[[ Data for analysis, beginning ]]
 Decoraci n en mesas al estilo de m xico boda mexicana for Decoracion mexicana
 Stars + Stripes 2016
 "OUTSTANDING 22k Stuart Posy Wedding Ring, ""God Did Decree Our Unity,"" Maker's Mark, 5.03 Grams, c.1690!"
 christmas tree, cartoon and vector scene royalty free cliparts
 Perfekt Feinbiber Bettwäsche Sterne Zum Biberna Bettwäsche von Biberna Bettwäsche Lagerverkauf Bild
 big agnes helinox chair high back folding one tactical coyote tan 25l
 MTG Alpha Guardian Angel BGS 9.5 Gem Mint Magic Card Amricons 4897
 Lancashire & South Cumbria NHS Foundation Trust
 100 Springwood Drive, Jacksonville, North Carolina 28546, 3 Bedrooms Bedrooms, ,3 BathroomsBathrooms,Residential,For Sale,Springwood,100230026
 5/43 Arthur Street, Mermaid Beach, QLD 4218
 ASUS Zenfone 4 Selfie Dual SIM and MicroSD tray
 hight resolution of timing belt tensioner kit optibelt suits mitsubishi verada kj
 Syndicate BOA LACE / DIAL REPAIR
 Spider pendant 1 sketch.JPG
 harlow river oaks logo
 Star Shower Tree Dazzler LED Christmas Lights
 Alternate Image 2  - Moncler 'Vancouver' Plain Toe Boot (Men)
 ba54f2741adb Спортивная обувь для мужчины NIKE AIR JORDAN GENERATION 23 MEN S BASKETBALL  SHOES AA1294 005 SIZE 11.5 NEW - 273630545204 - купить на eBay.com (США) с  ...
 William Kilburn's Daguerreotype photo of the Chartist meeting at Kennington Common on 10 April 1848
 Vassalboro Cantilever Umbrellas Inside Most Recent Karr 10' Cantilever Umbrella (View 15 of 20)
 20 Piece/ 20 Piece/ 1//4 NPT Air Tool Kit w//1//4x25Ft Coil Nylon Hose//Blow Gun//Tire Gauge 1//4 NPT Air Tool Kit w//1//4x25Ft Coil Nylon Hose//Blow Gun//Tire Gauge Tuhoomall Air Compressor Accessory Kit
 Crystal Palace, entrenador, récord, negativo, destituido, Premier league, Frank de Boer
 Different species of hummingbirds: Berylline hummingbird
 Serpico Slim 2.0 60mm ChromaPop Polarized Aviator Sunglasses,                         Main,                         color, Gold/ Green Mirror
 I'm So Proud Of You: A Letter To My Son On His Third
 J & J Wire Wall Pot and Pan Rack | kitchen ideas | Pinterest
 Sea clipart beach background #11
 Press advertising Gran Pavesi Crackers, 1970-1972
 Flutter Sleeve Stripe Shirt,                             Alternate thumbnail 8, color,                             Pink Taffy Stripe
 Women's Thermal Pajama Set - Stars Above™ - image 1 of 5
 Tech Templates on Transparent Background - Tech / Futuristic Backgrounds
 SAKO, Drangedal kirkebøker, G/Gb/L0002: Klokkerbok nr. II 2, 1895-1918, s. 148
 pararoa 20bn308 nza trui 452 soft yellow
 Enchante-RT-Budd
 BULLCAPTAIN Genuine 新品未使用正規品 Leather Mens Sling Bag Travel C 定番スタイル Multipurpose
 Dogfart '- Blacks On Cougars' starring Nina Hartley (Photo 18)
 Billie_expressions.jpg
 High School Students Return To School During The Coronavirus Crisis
[[ Data for analysis, end ]]
■ **Directions for this task**: Show the lines of the records that include the string "Alternate".

■ **Reply to the exercise**:
 Alternate Image 2  - Moncler 'Vancouver' Plain Toe Boot (Men)
 Flutter Sleeve Stripe Shirt,                             Alternate thumbnail 8, color,                             Pink Taffy Stripe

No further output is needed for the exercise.